─── DATA EXTRACT ───
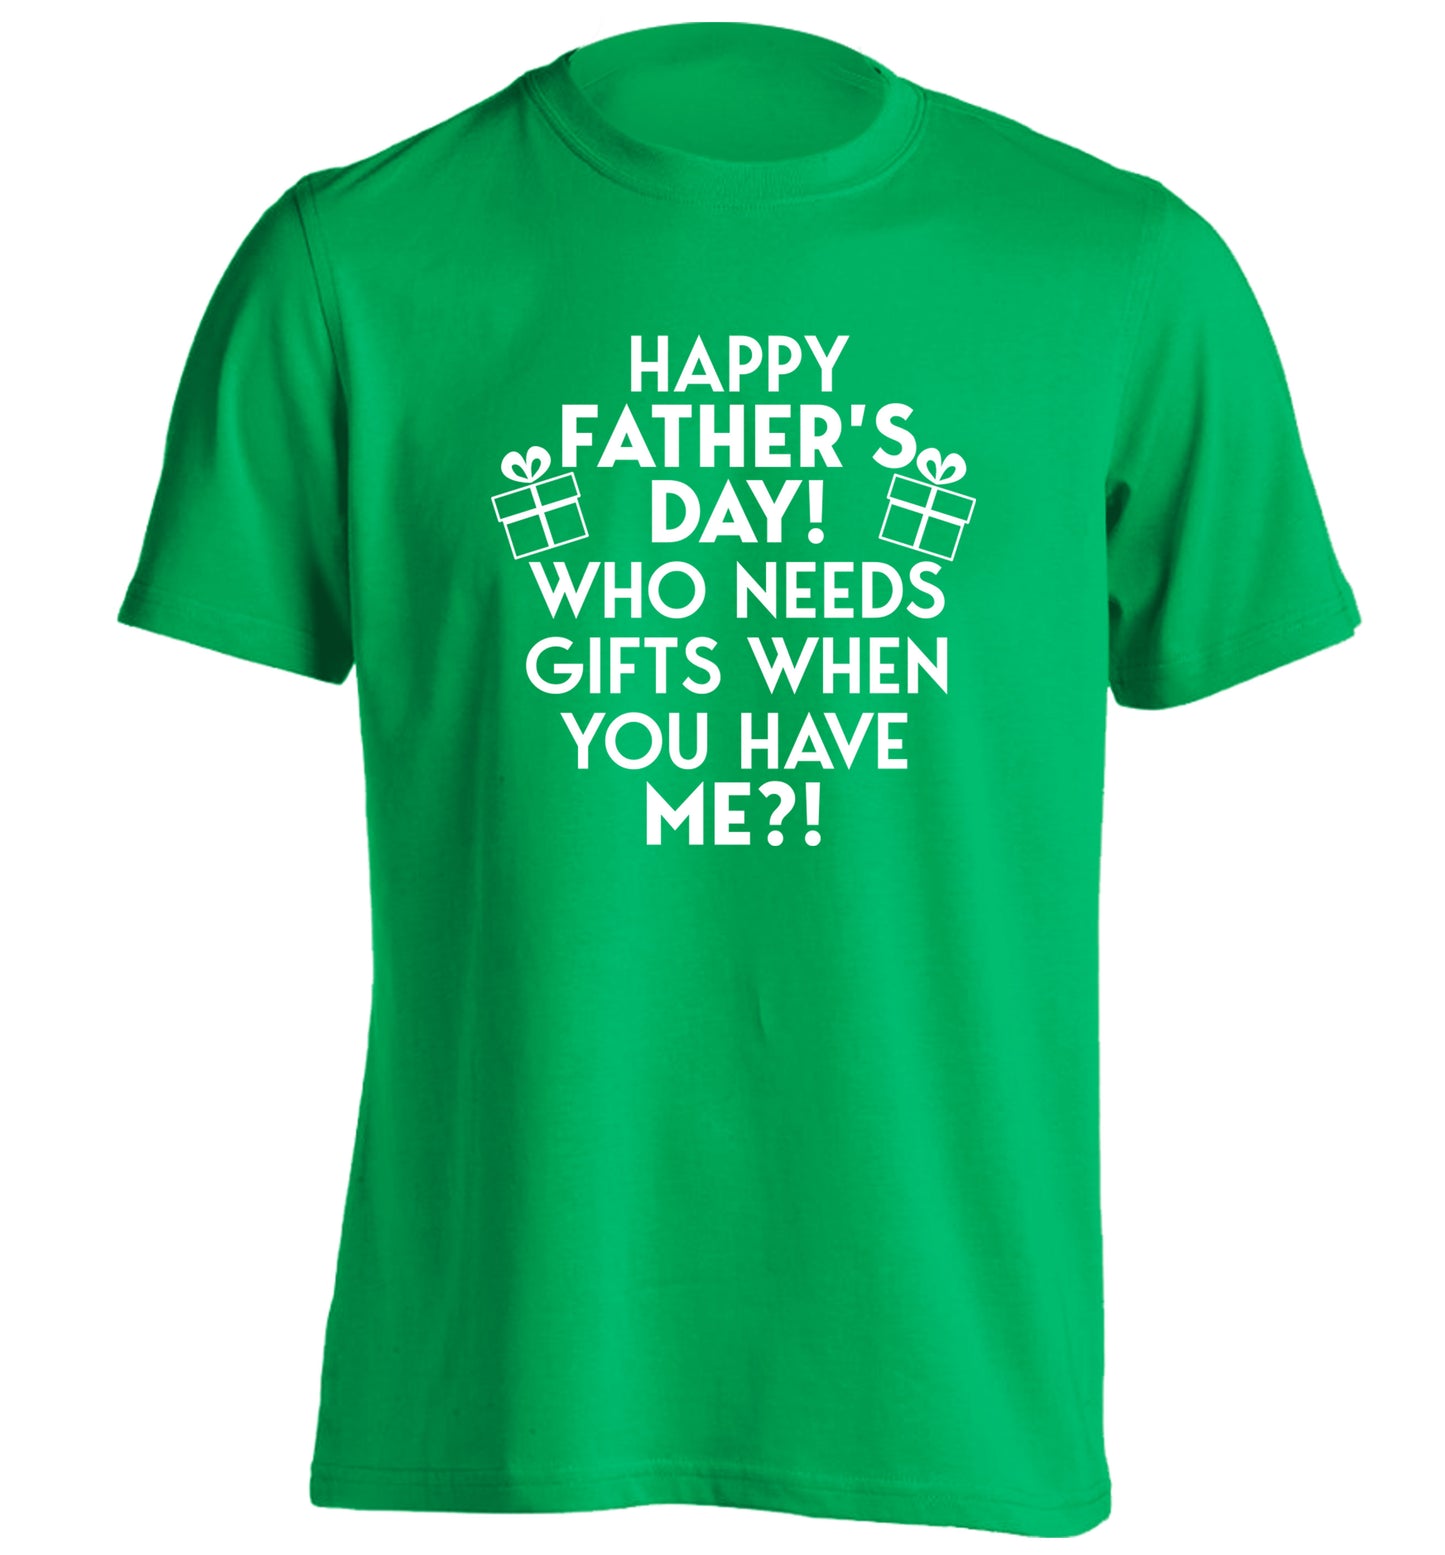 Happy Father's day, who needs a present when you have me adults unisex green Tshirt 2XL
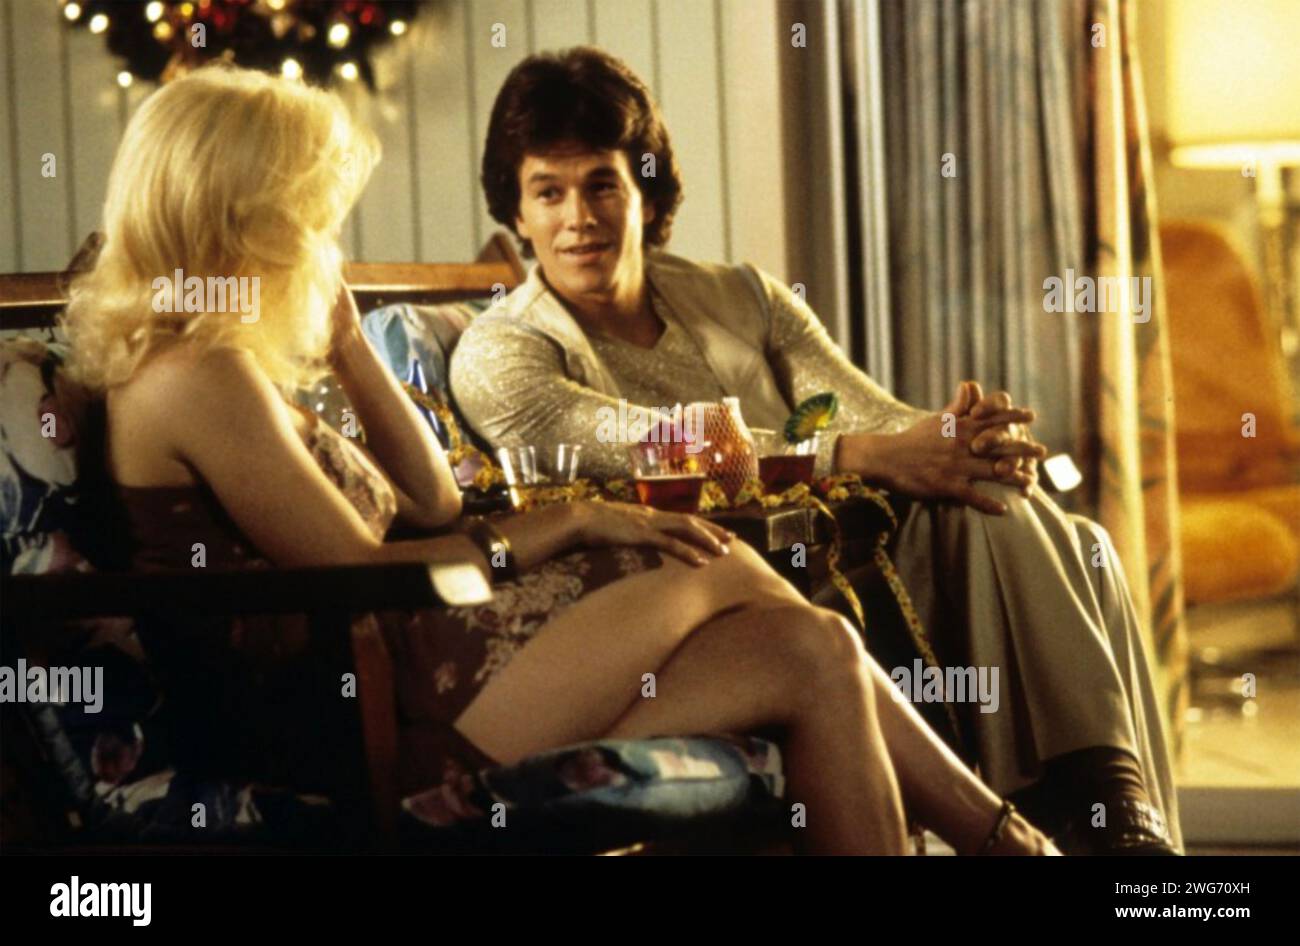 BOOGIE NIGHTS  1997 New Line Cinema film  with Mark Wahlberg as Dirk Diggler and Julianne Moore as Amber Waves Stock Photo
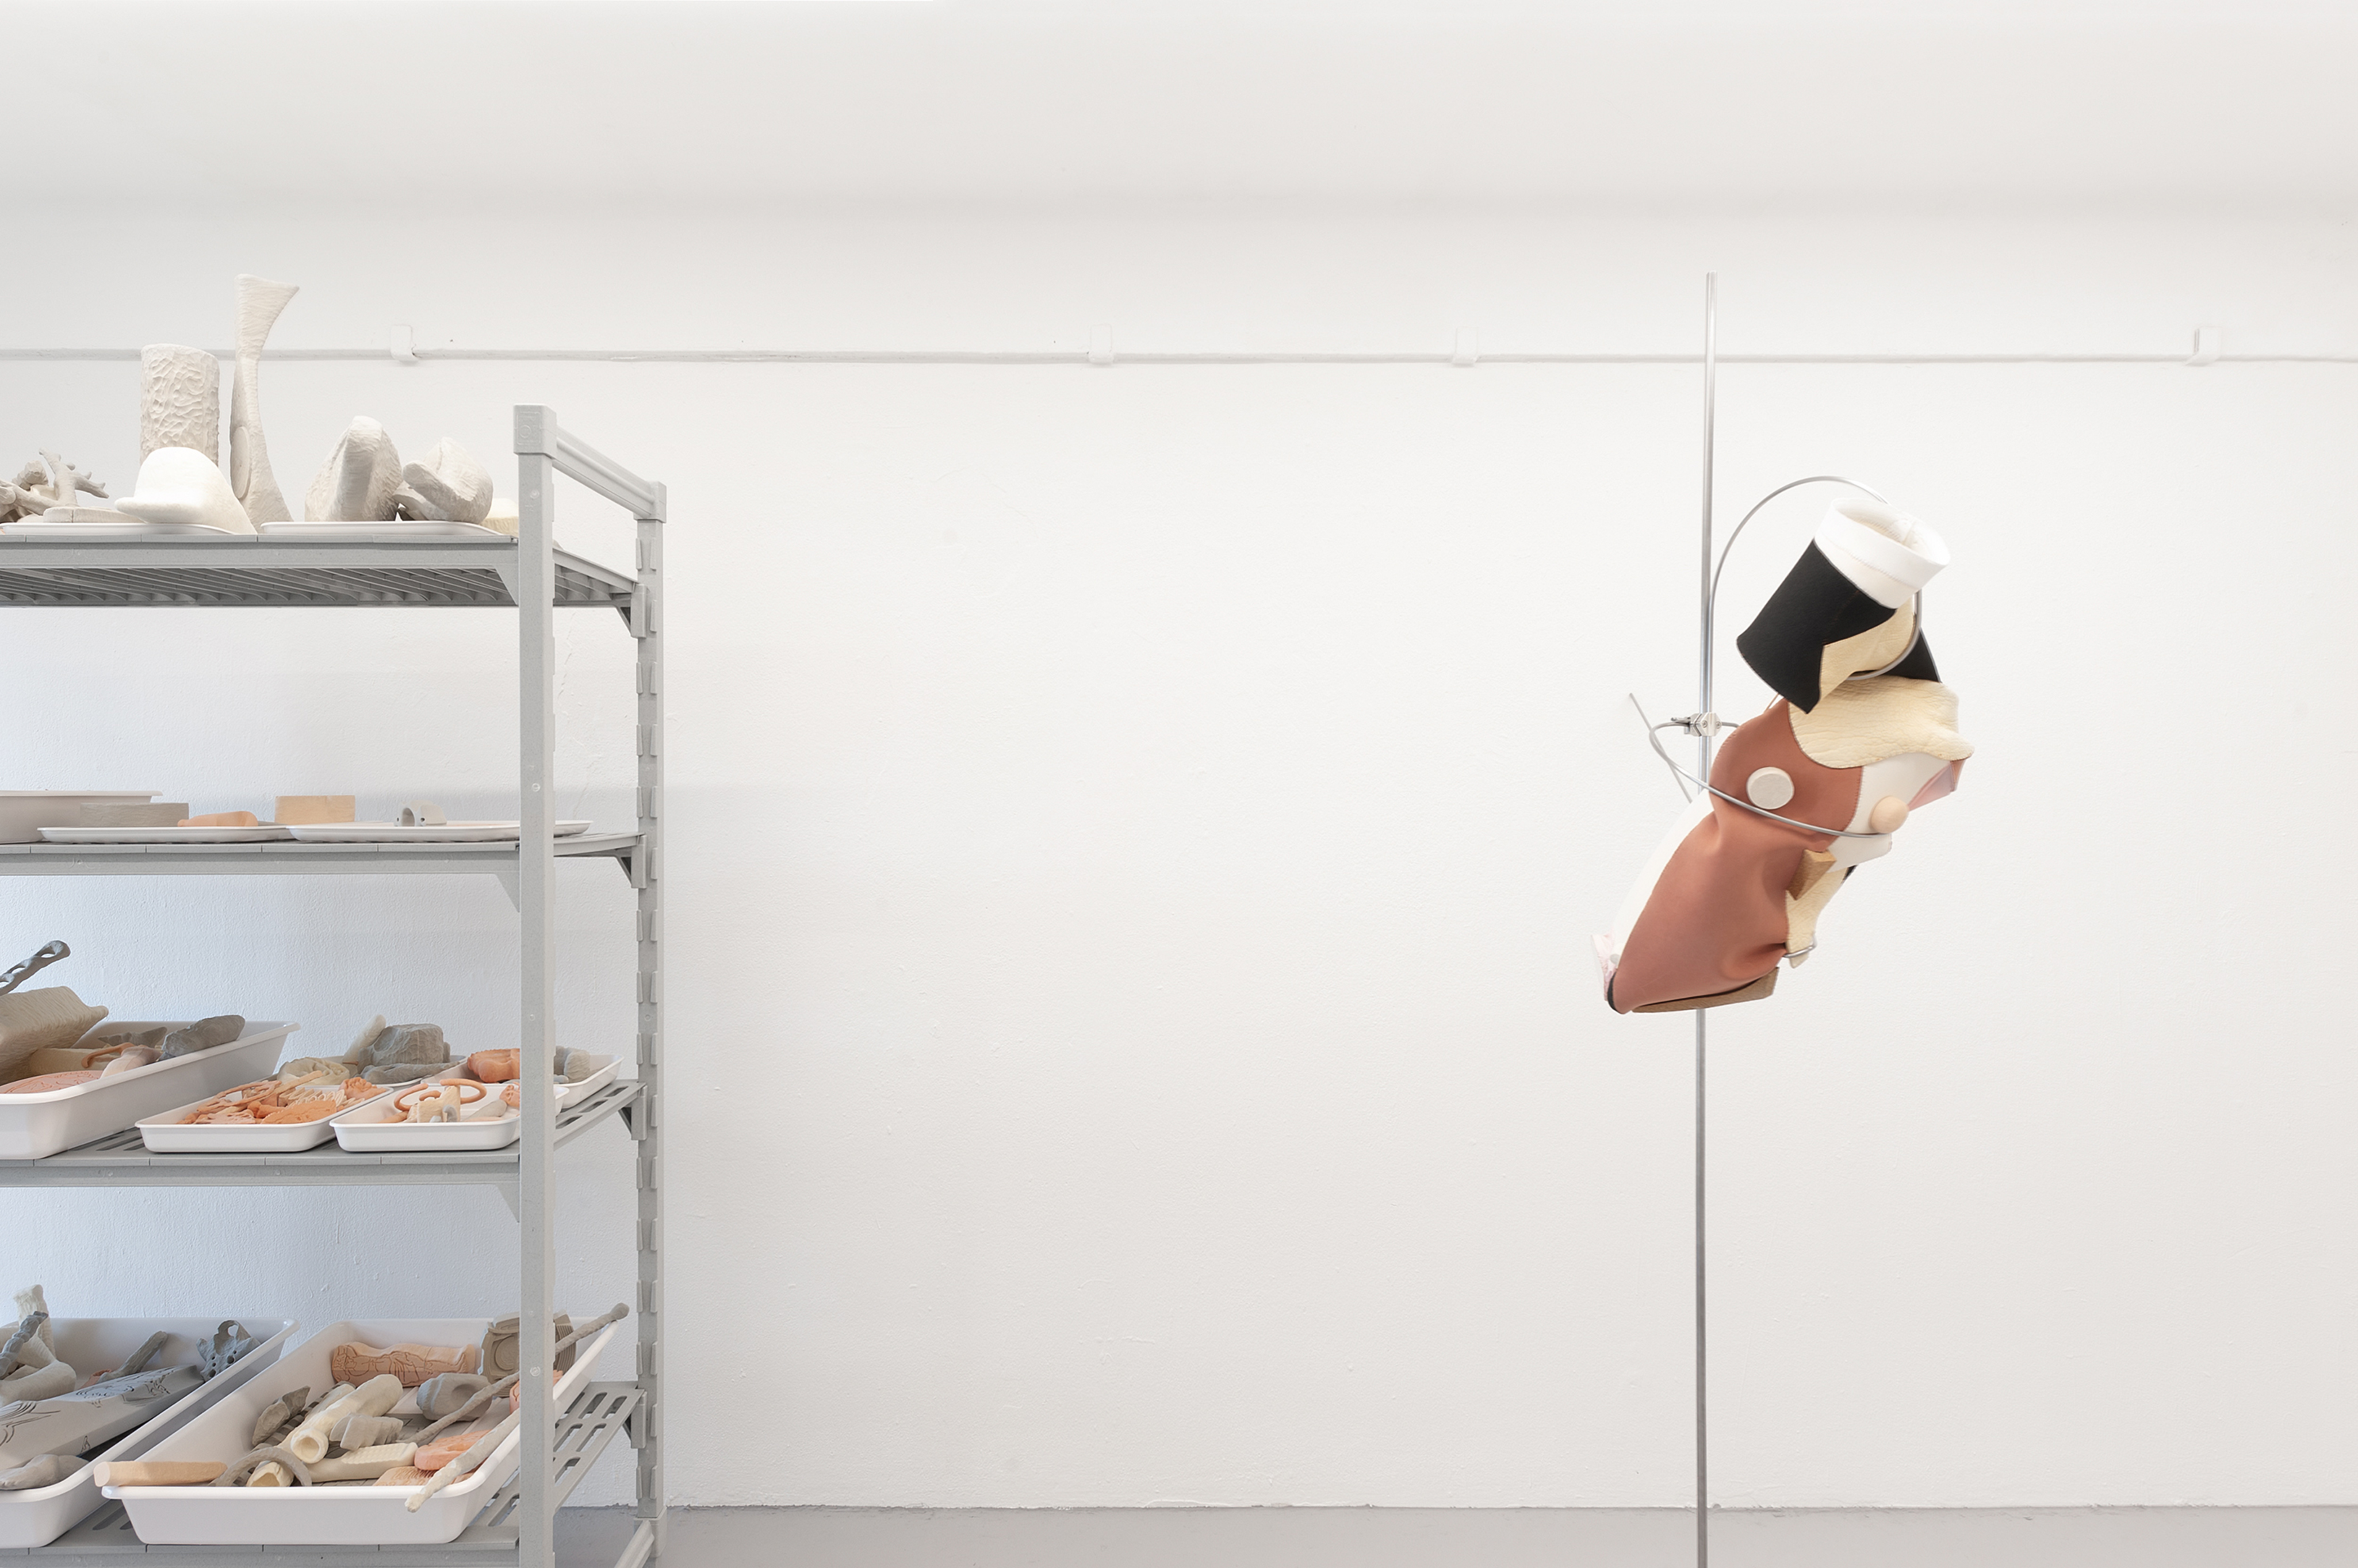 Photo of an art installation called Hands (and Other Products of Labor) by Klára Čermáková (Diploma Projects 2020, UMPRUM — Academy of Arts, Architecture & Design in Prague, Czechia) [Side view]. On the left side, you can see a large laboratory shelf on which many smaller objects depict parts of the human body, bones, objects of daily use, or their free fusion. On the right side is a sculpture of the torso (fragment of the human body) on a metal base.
───
#### WORK TO BE COMPLETED:
For this exercise, give the listing again exactly as written, with the pictures omitted.

#### SOLUTION FOR THIS PROBLEM:
 Happy Father's day, who needs a present when you have me adults unisex green Tshirt 2XL
 BOOGIE NIGHTS  1997 New Line Cinema film  with Mark Wahlberg as Dirk Diggler and Julianne Moore as Amber Waves Stock Photo
 Photo of an art installation called Hands (and Other Products of Labor) by Klára Čermáková (Diploma Projects 2020, UMPRUM — Academy of Arts, Architecture & Design in Prague, Czechia) [Side view]. On the left side, you can see a large laboratory shelf on which many smaller objects depict parts of the human body, bones, objects of daily use, or their free fusion. On the right side is a sculpture of the torso (fragment of the human body) on a metal base.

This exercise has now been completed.